To oversee his global experiment, Lerer has hired Samantha Kent from Borderfree, a consulting firm that specializes in taking e-commerce companies global, to run international operations for JackThreads. While she won't have local experts to tap in each country, JackThreads has already started customizing storefronts for each market. When it's summertime in New York, it's winter in Australia. That's when JackThreads promotes jumpers (sweaters) on its site Down Under.

Thrillist, which employs writers and editors outside the U.S. for its online men's lifestyle publication, used some data to choose the 14 international markets for JackThreads.

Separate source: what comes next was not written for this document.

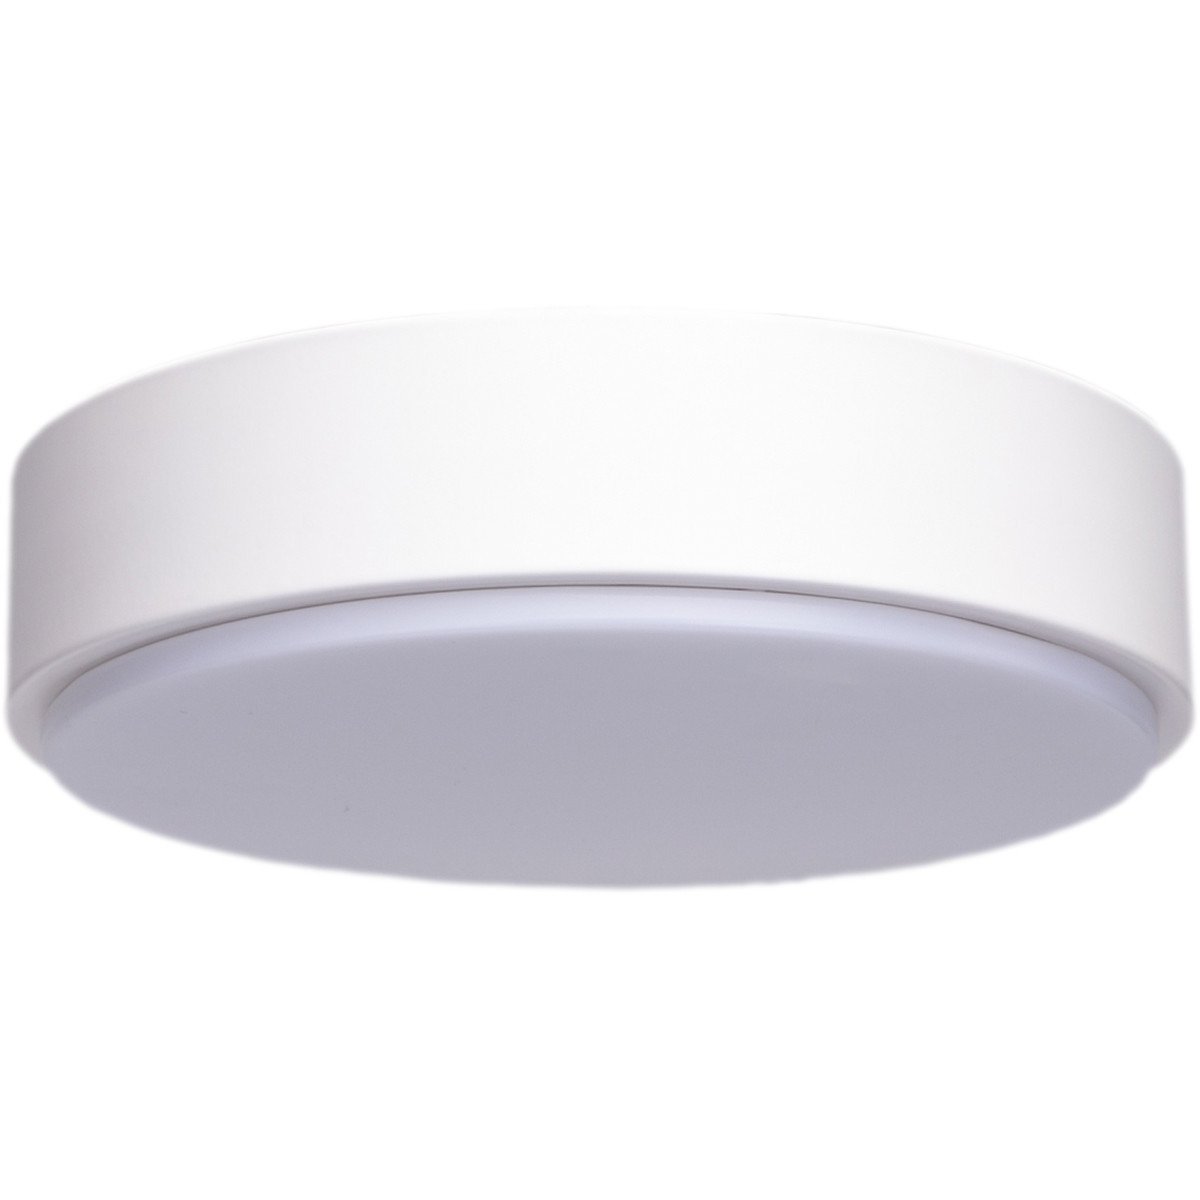 LED Plafondlamp - Aigi Santi - Opbouw Rond 12W - Helder/Koud Wit 6500K - Mat Wit Aluminium

The company went for countries with concentrations of English speakers and ones where people had tried to buy from the site in the past. Thrillist expects its shopping site to have 5 million members within the next month and double its revenue this year.

So far, international customers are spending about 50 percent more per order than those in the U.S., and they're buying more of the company's private-label goods, which tend to have higher profit margins, Lerer said. Customers outside the U.S. could make up 25 percent of JackThreads's business by the end of the year, Lerer said.

Or they might not. It's all new territory for Lerer.